In “The Anatomy of Story” John Truby describes this as the central conflict, and poses it as a question. “Who fights whom over what?” This conflict forces the character to undergo some kind of change.

He describes this change in the form of an equation. W x A = C. “W” is a characters psychological and moral weakness. “A” is the action the character takes. “C” is the change the character undergoes.

The simple logic of the story is described as another question. “How does the act of struggling to do the basic action (A) lead the character to change from W to C?”

While Truby’s equation describes a conflict that forces the character to change, it doesn’t identify what makes a story compelling.

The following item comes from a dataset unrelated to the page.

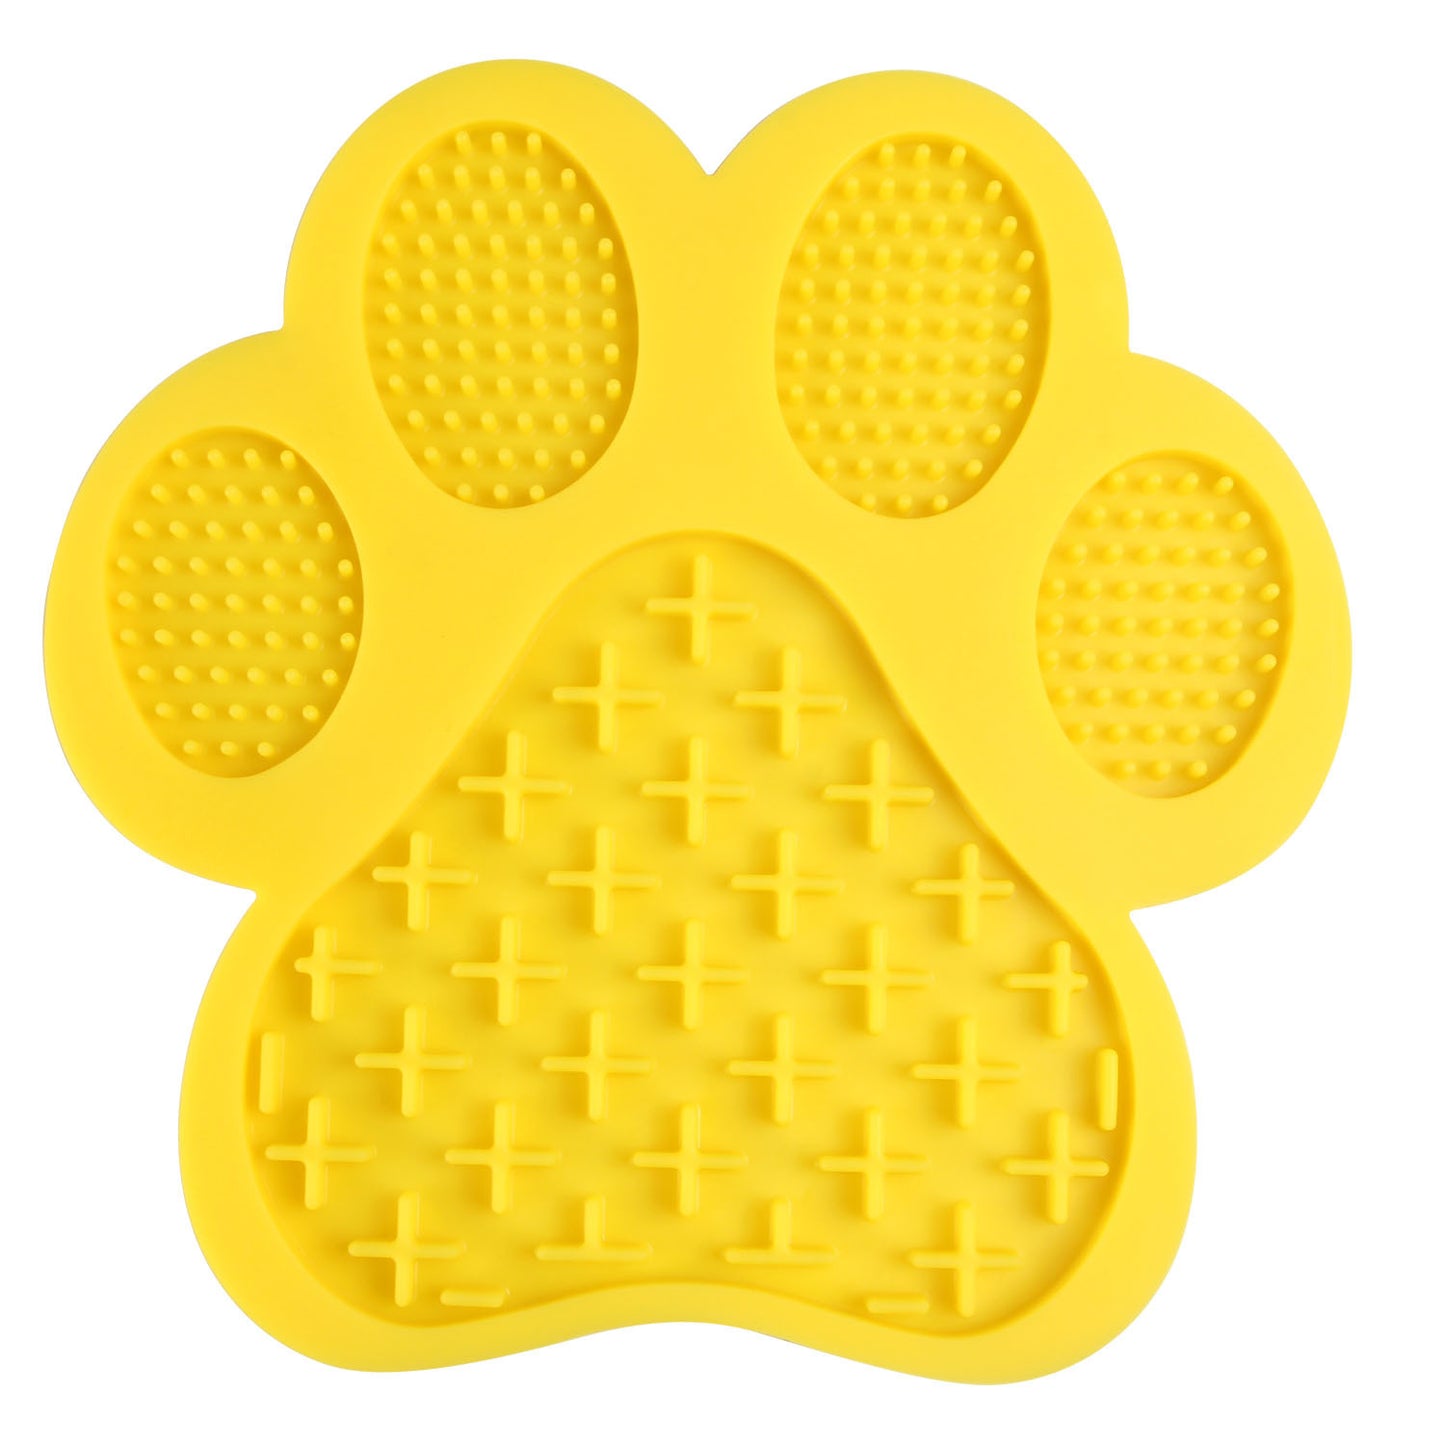 Slow Feeder Lick Mat for Dogs
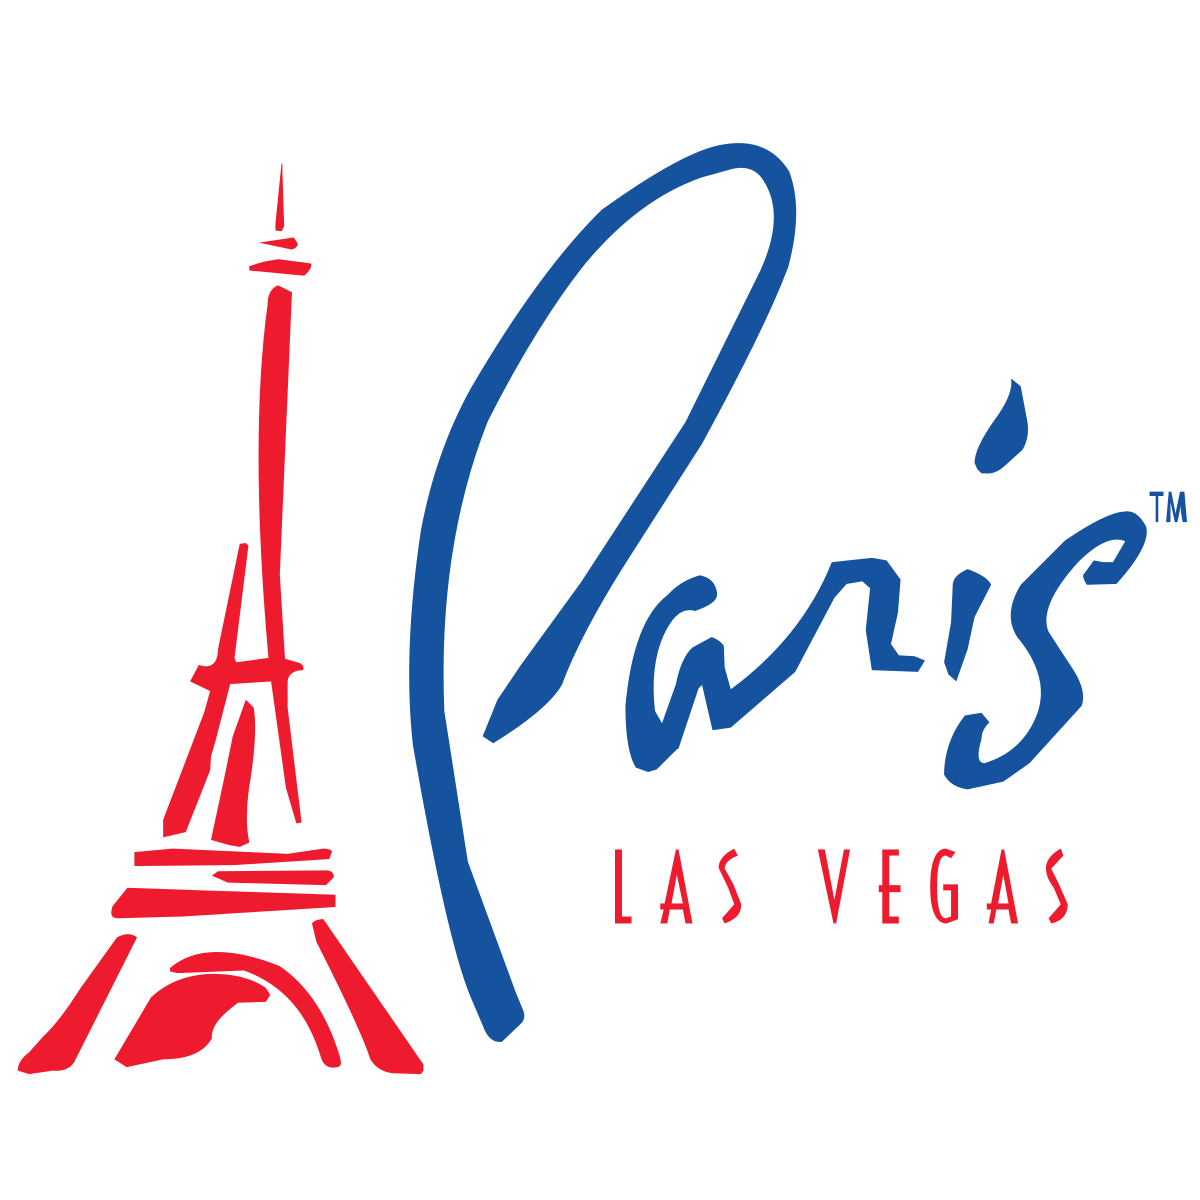 las vegas clipart welcome to fabulous

Interestingly compel also means to force to submit, or to overpower. The word compelling seems to imply a force. A character, an event. a circumstance, that asserts its will, subjugating a character. This elicits a response from the character, and leads to conflict.

I think compelling conflict is somewhere in this binary polarisation of these forces. One character asserting their will, the other resists.

Perhaps I am being too literal in my understanding of the term conflict, but it seem to me, when you are looking for what’s compelling, you are looking for what is forced upon someone. That one thing that pushes them to the point at which they must take action.

Truby describes it as the character’s weakness. I’d describe it as the character’s breaking point, the point at which they can take no more, and push back.

At this point the stakes are at their highest, and you have a compelling conflict.